→ **What needs to be done**
Exclude the pictures. Transcribe exactly, and only, the lines from the one holding "10 Budget-Friendly Kitchen" to the end of the material below.

Information provided section start

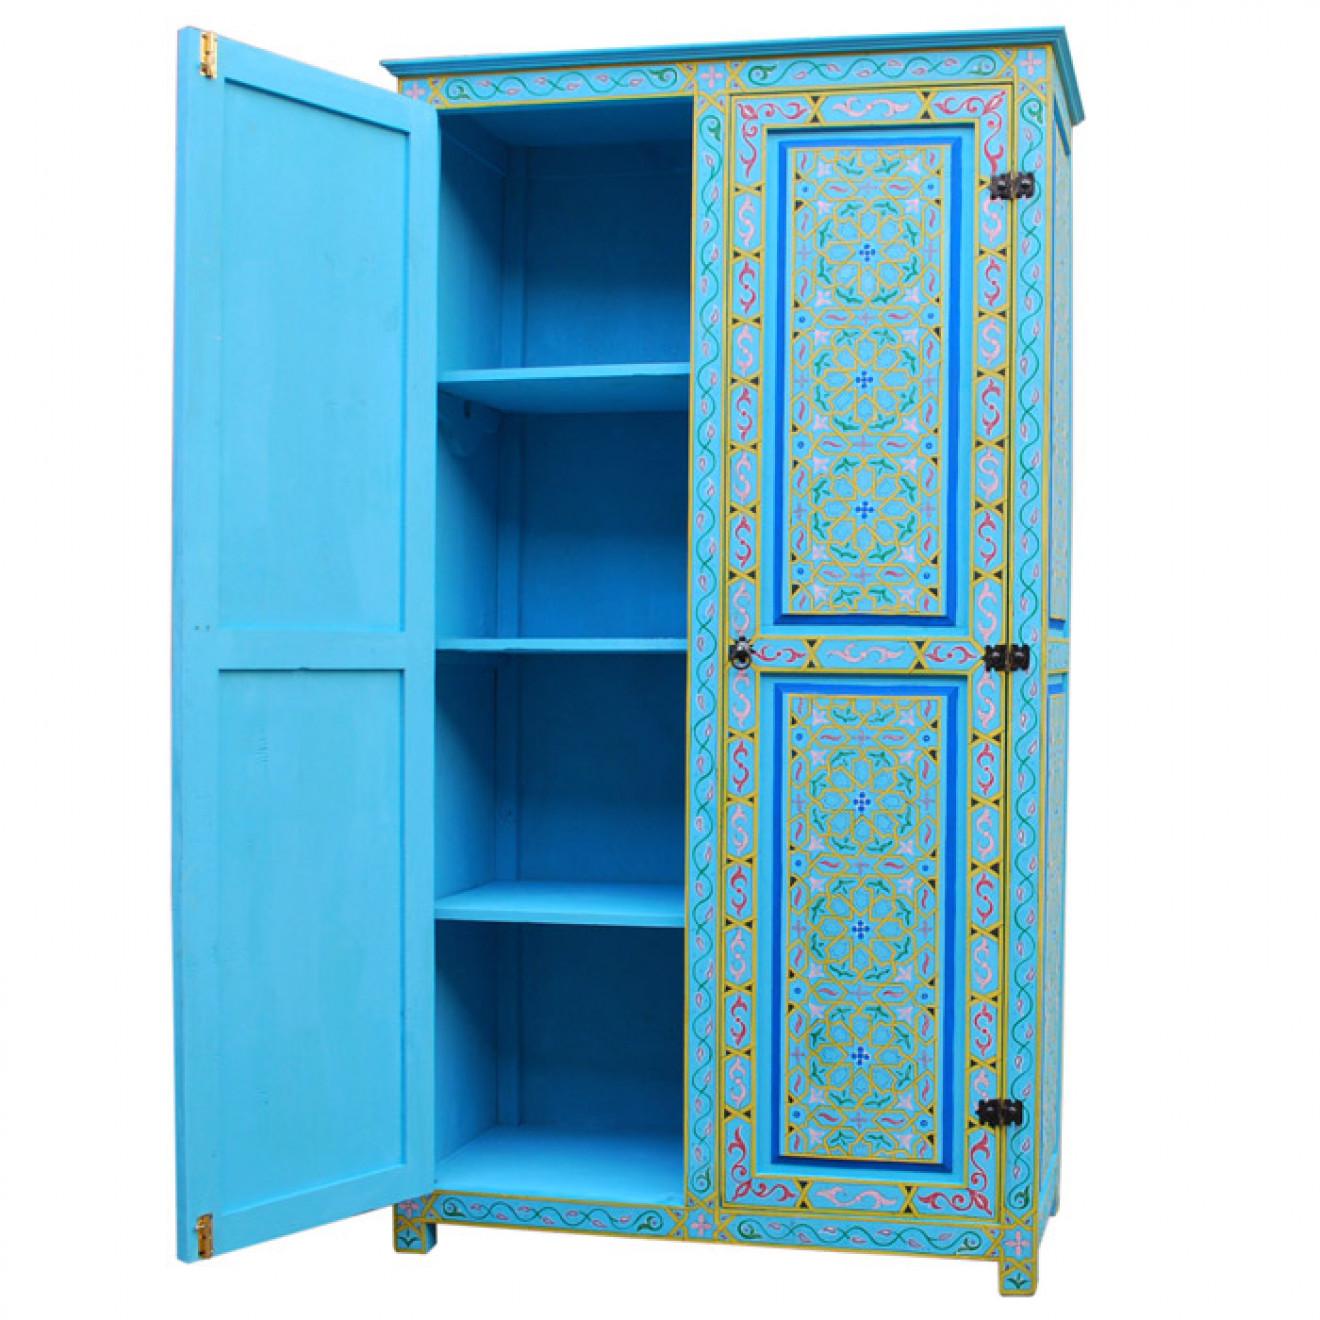 orientalischer holzschrank shibi. Black Bedroom Furniture Sets. Home Design Ideas
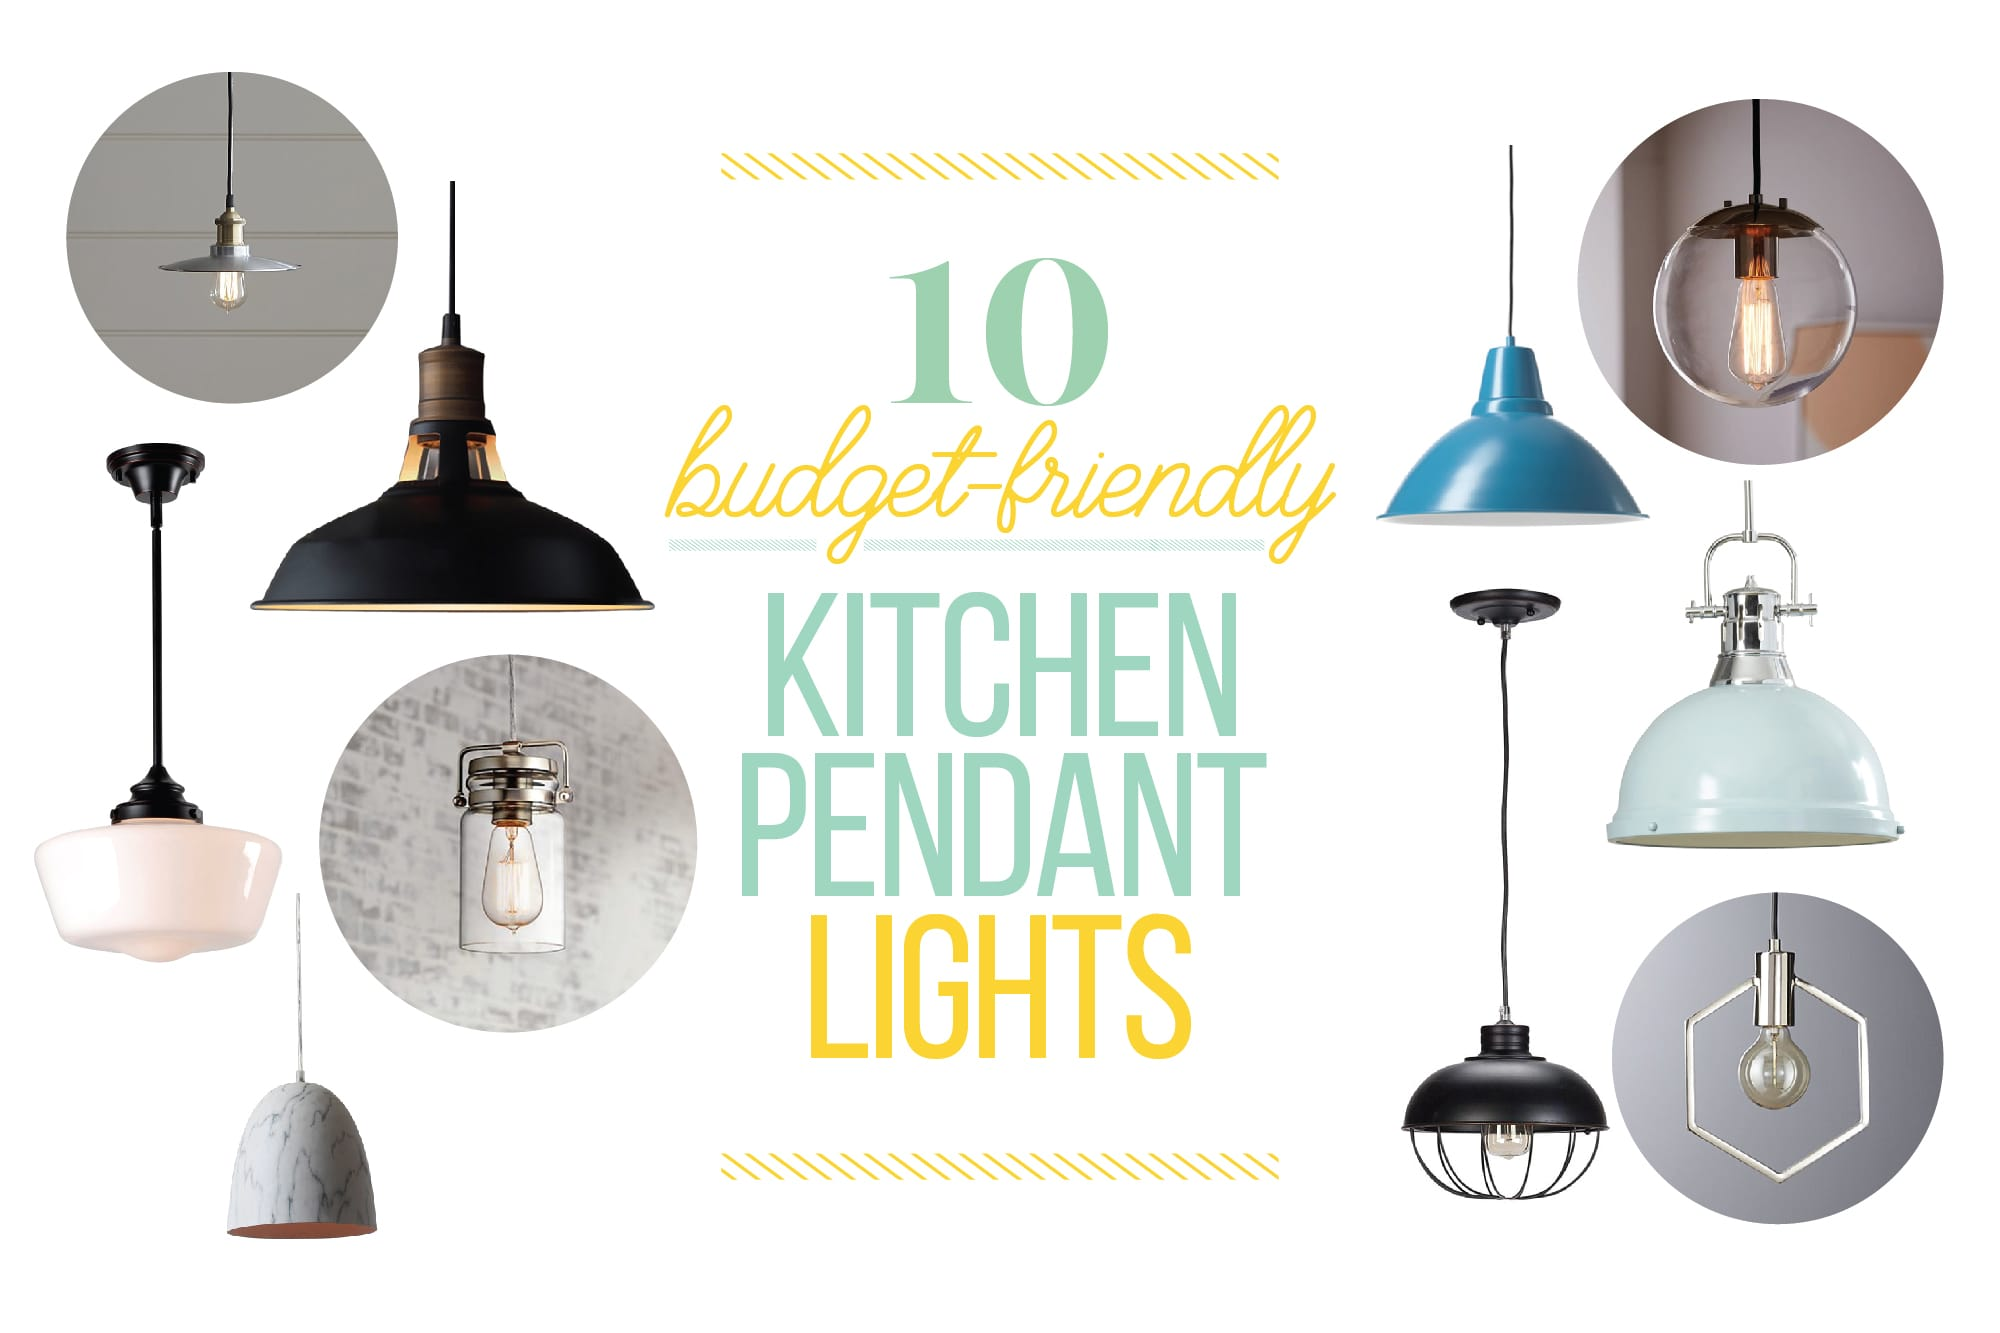 10 Budget-Friendly Kitchen Pendant Lights: gallery image 1
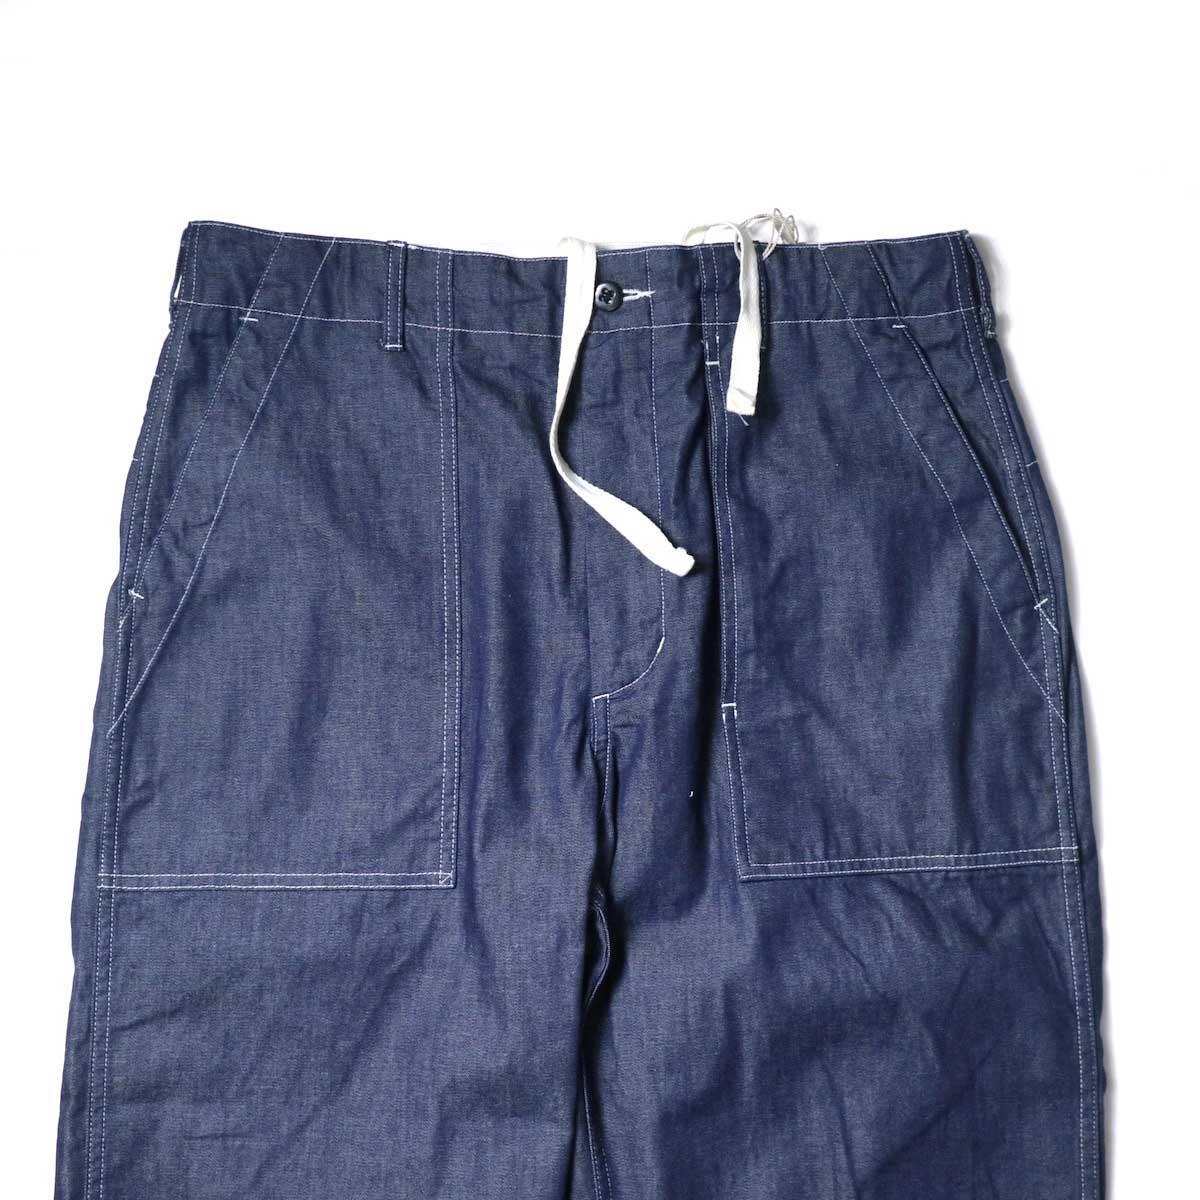 Engineered Garments / Fatigue Pant - 8oz Cone Denim (Indigo)ウエスト

Information provided section end

→ **Exercise answer**
 10 Budget-Friendly Kitchen Pendant Lights: gallery image 1
 Engineered Garments / Fatigue Pant - 8oz Cone Denim (Indigo)ウエスト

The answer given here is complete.